Despite the heavily developed industrial landscape, areas along the south and west shores have been left undeveloped to provide habitat for wildlife. Foxes and once-endangered peregrine falcons, which frequent large outdoor structures such as the gantry cranes at the ore docks, thrive on the island and offshore . At the bottom of the Detroit River is a man-made bed of coal cinders which serves as a rare spawning site for lake sturgeon, a threatened species.

==Environmental impact==
One of the most pressing problems in the neighborhoods surrounding Zug Island is poor air quality. According to an article in the January 20, 2010, edition of the Detroit Free Press, the neighborhoods around the area compose six of the ten most polluted zip codes in Michigan. In the article, residents cite air quality samples containing lead and high levels of methyl ethyl ketone, large numbers of cancer and asthma cases, and foul smells with "sparkly" dust that can only be removed with toilet cleaner.

===Noise and vibration===
In 2011, the Zug Island area was identified by Canadian scientists and Ontario's Ministry of Natural Resources as the source of mysterious rumblings and vibrations, known as "The Hum", that plagued hundreds of area residents with cyclical vibrations, reportedly being felt in the ground up to 50 miles (80 km) away. The city of River Rouge reported that it could not afford to spend any more money on investigating the hum, claiming the City Council had already spent over $1 million to help Windsor and Ontario find the source of the noise, and that the hum likely comes from the steel mill facilities on the island.
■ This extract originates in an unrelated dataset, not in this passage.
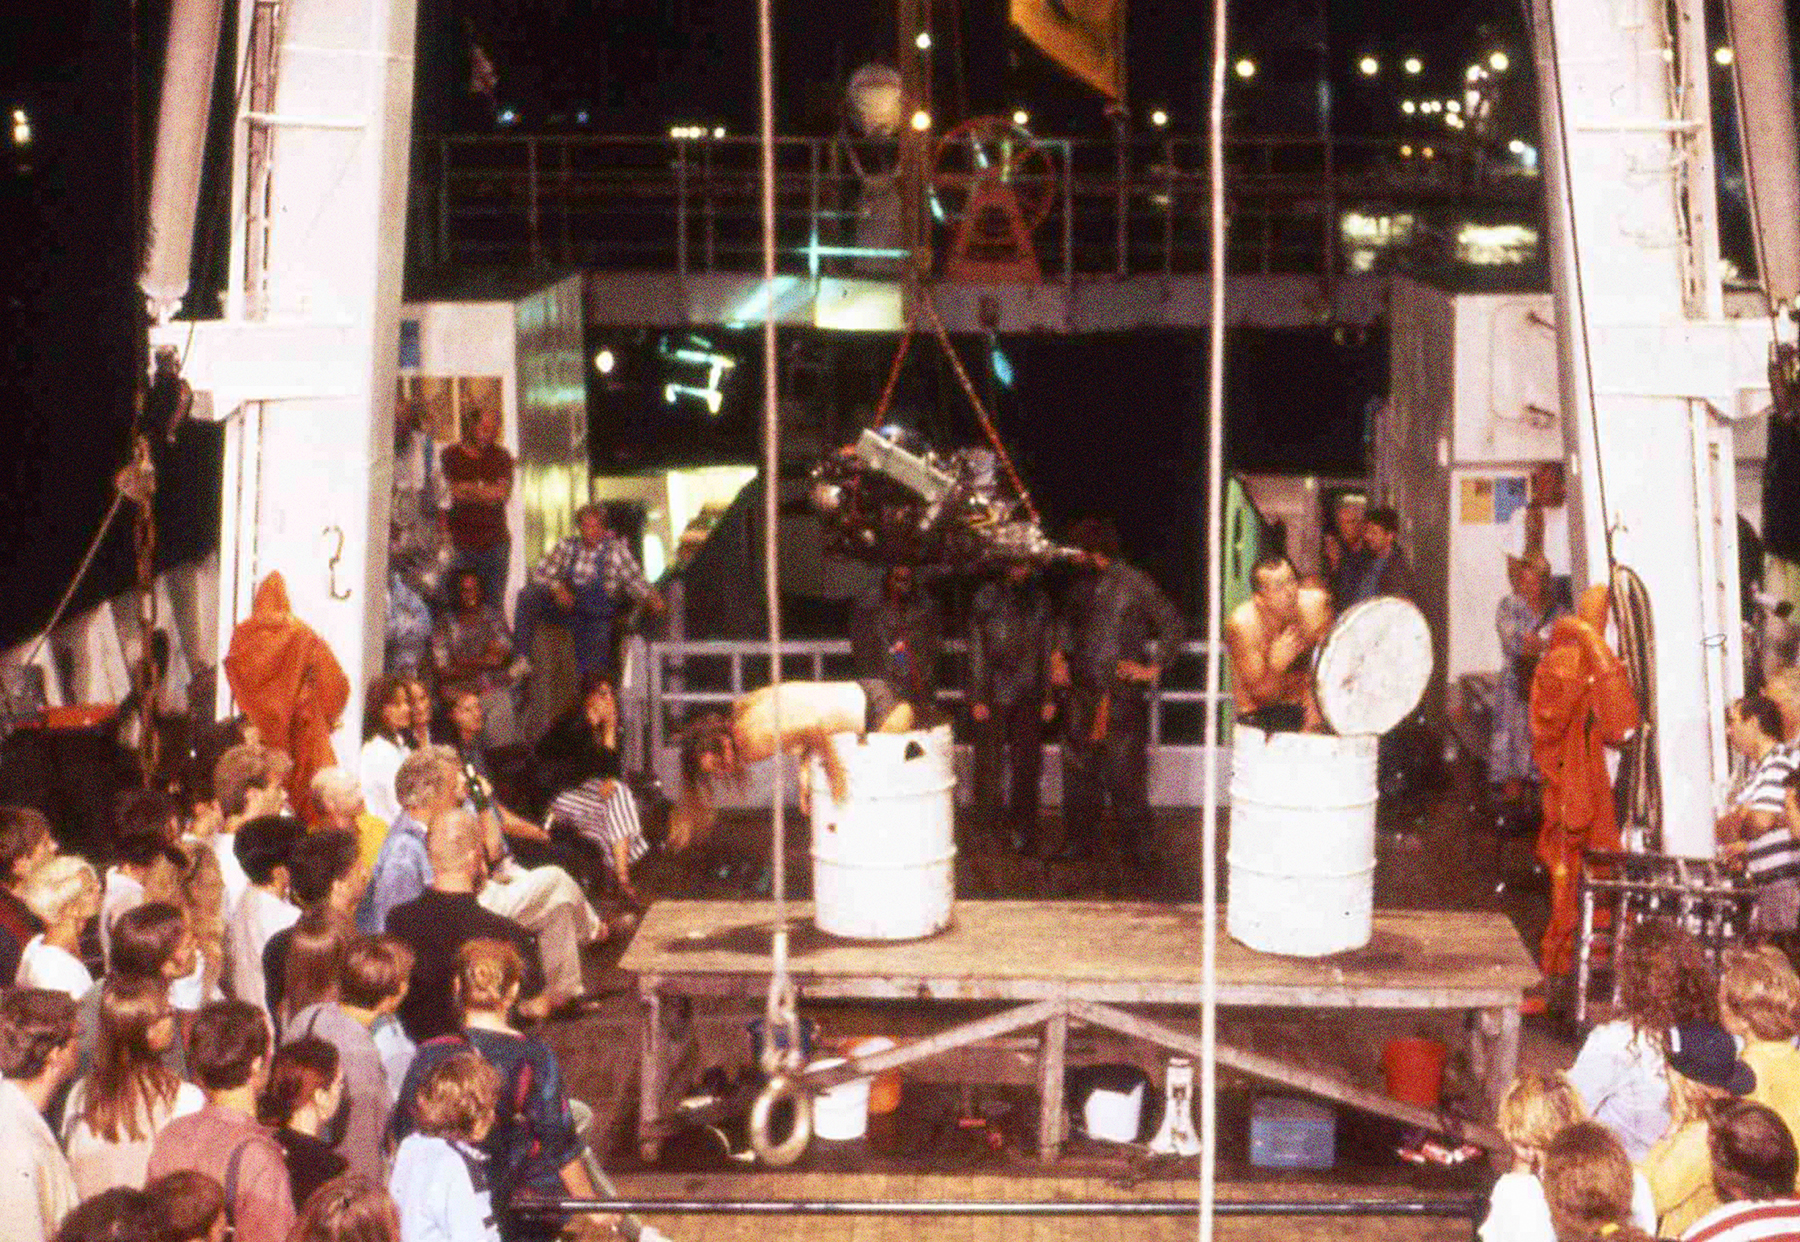 Eine Performance auf dem Achterdeck 1994 in St. Petersburg. Menschen klettern aus Metallfässern. Außenrum Zuschauer:innen.

In 2013, a Canadian scientist used sound-level meters and a portable "pentangular array" of cameras and microphones to try to accurately identify the source of the sound, in order to know whom exactly to ask to fix it. Although contemporaneous news reports claim the study confirmed that Zug Island was the source of the hum, the report's findings state "the most probable source of the Hum points well to the South of Zug Island. The bulk of our observations from both stations do not support the hypothesis that the source of the Hum emanates from Zug Island."
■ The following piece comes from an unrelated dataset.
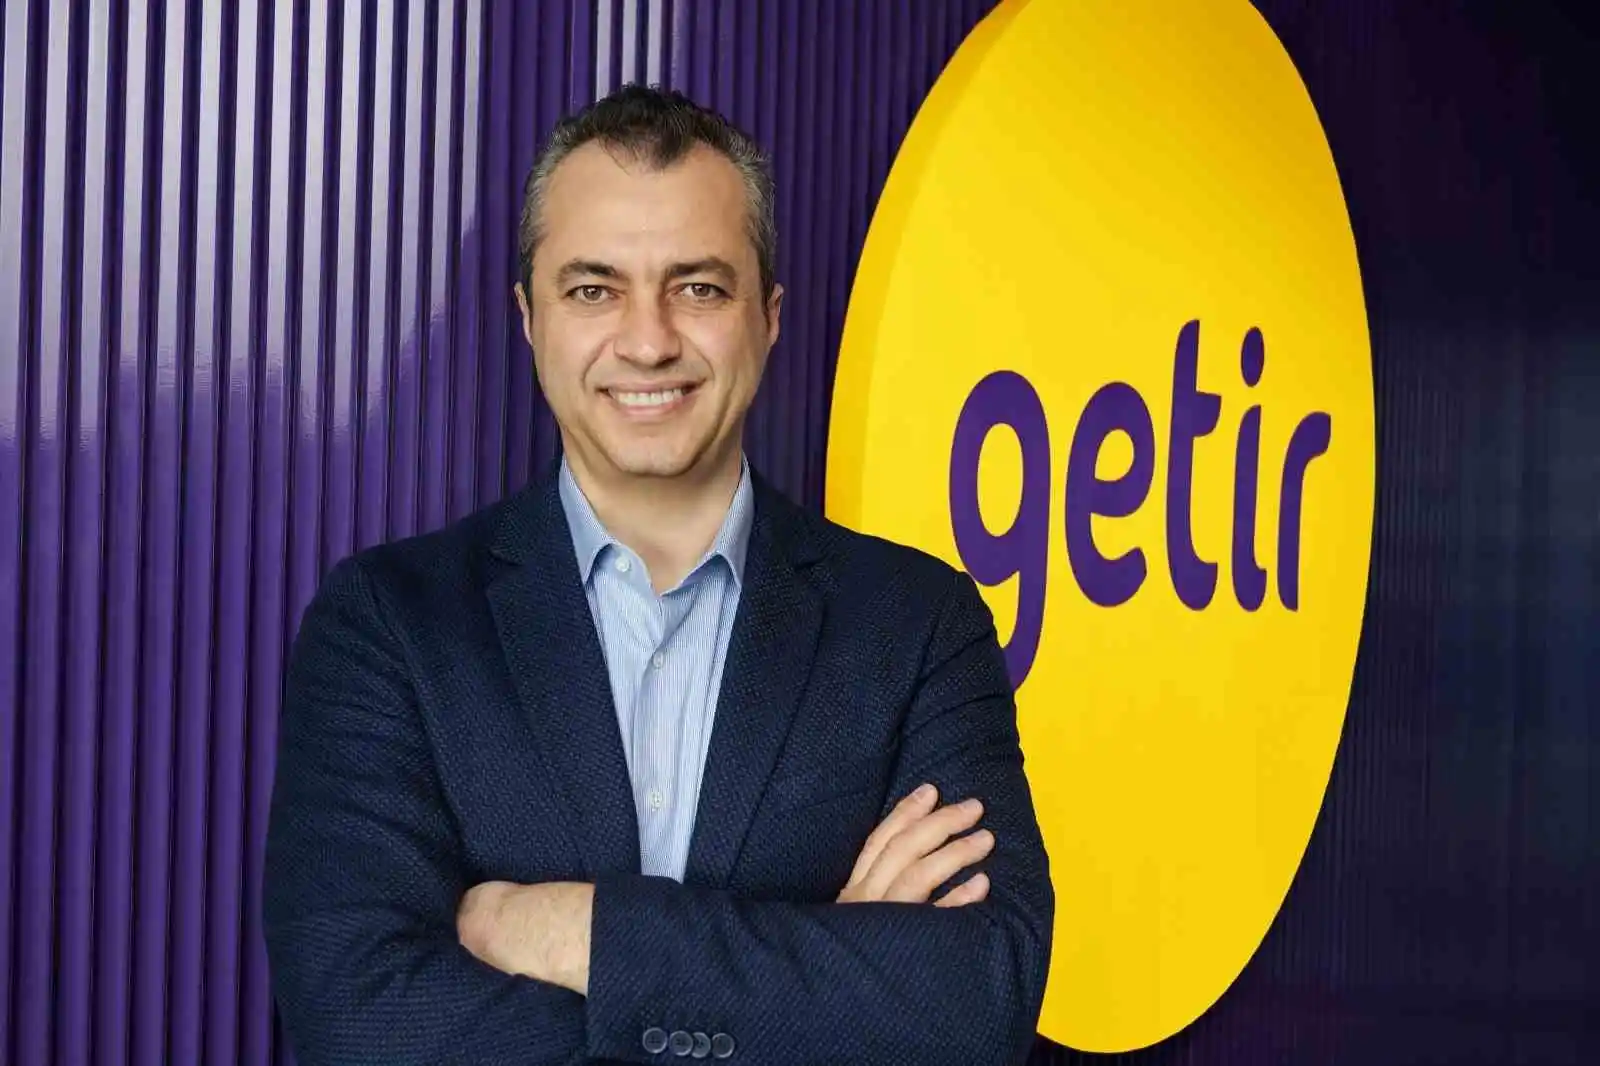 Getir'in su markası Kuzeyden yeni bir sponsorluk adımı attı

Reports of the Hum ceased after the US Steel plant on Zug Island ceased operations in April 2020.

==In popular culture==
The island is mostly off-limits to the public. Cameras are prohibited on the premises, so pictures of the island's interior are rare. Due to its location and relative security, many urban legends exist regarding the island. One popular legend claims that the island is home to a correctional facility or prison, but no such facility exists on the island. Another popular claim is that parts of the movie RoboCop were filmed there. Although Zug Island is mentioned by name in the movie, the steel mill shots in RoboCop were actually filmed at the Wheeling-Pittsburgh Steel Corp.'s Monessen Works in Pennsylvania.

The SS Edmund Fitzgerald of Great Lakes shipwreck fame was laden with taconite destined for Zug Island on her fateful voyage in 1975.

In 2011, Detroit based author Gregory Fournier published his novel, Zug Island: A Detroit Riot Novel.

Zug Izland, a Detroit-based rock band in association with Insane Clown Posse, named themselves after the island and self describe their sound as "Juggalo Rock". ICP themselves have made references to Zug Island in their songs "The Shaggy Show", "In the Haughhh!" "Cotton Candy & Popsicles" and "Toxic Love". This is likely due to its proximity to the Delray/River Rouge area, where the members spent some of their youth. In fact, part of the island can be seen in the background of the cover photo for Insane Clown Posse (at the time, Inner City Posse)'s EP, Dog Beats.